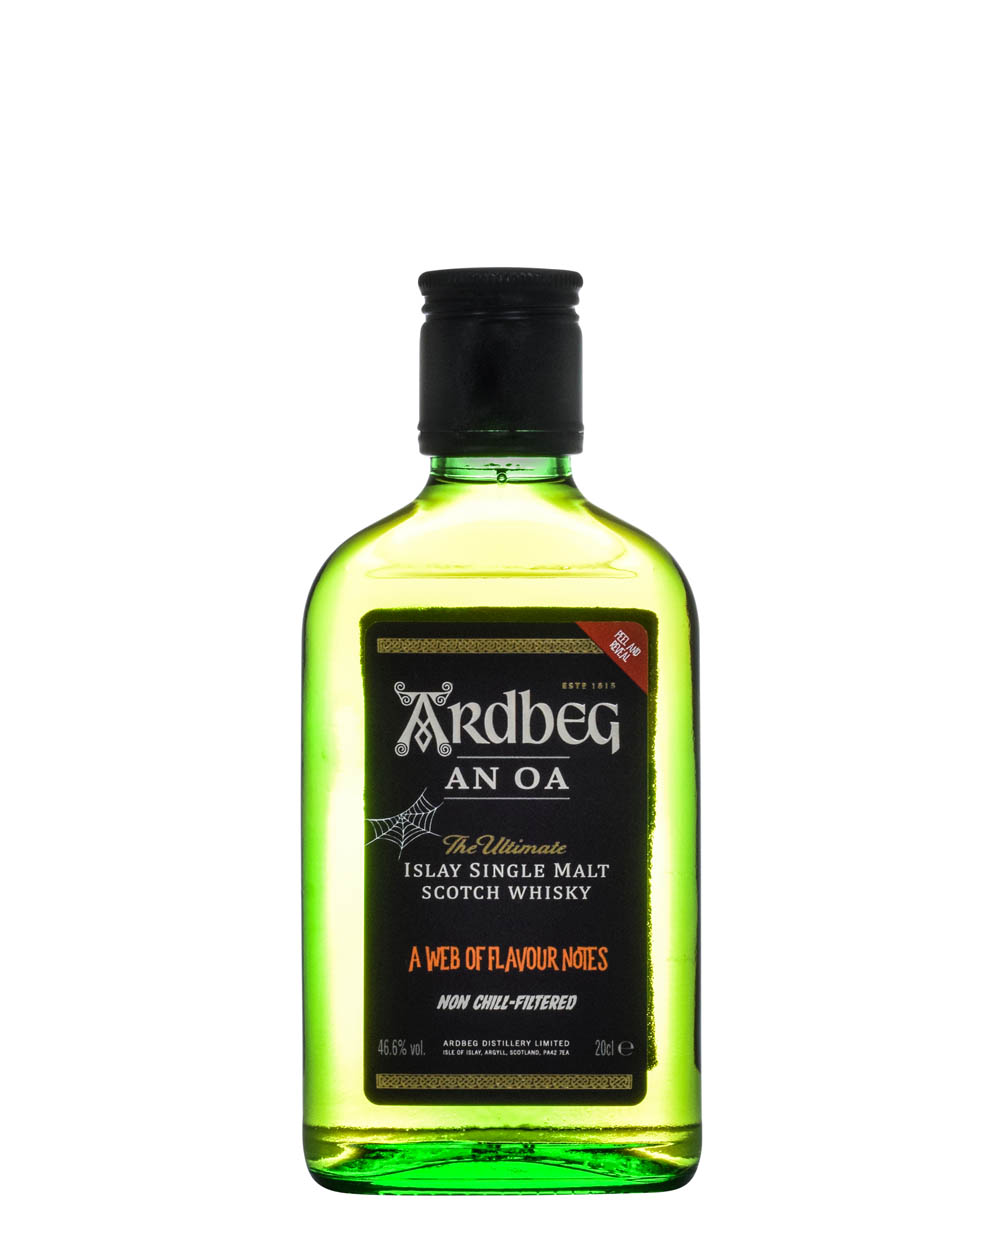 Ardbeg The Three Monsters of Smoke - 3 x 20 cl Whisky
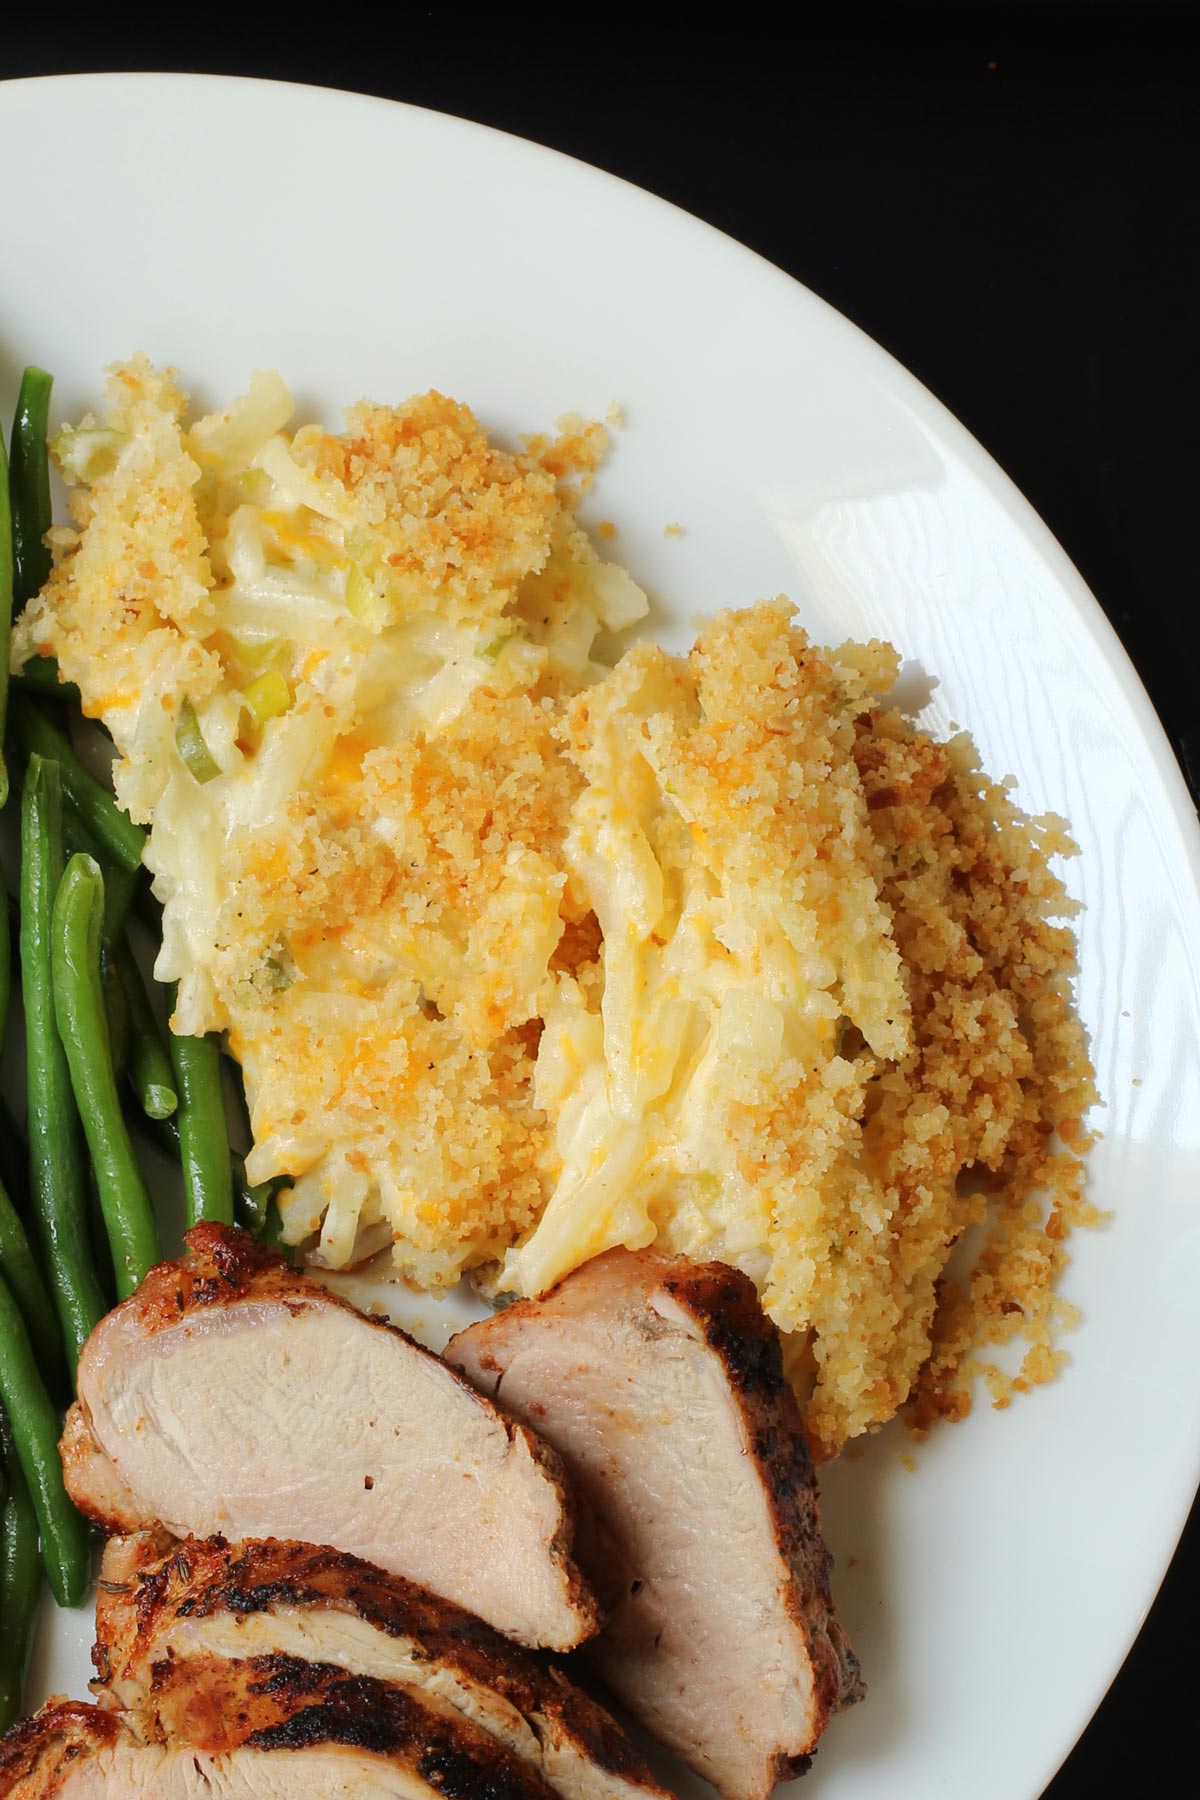 dinner plate closeup view of cheese hashbrown casserole with green beans and grilled pork.
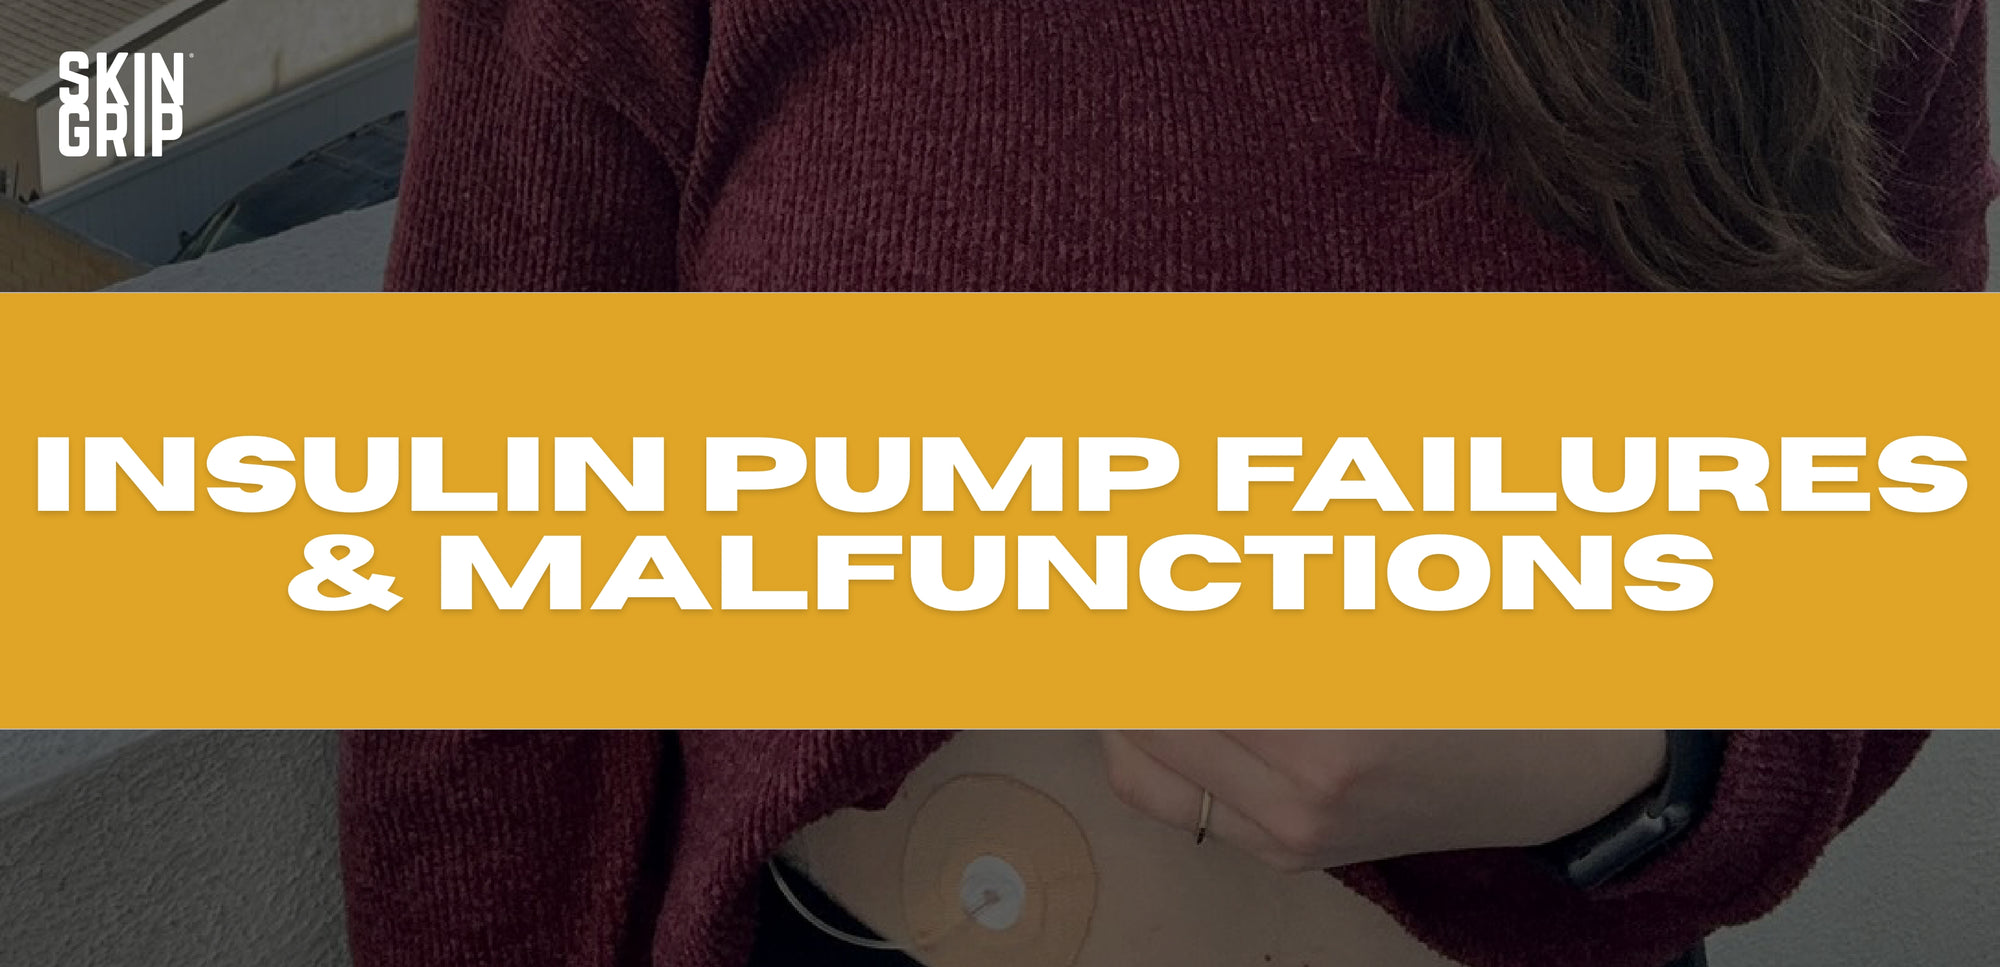 Insulin Pump Failures & Malfunctions: What is an insulin pump backup plan and when should it be used?

-- Exercise objective --
When you return the listing, keep it exact and omit any pictures it holds.

-- Answer box --
 Ardbeg The Three Monsters of Smoke - 3 x 20 cl Whisky
 dinner plate closeup view of cheese hashbrown casserole with green beans and grilled pork.
 Insulin Pump Failures & Malfunctions: What is an insulin pump backup plan and when should it be used?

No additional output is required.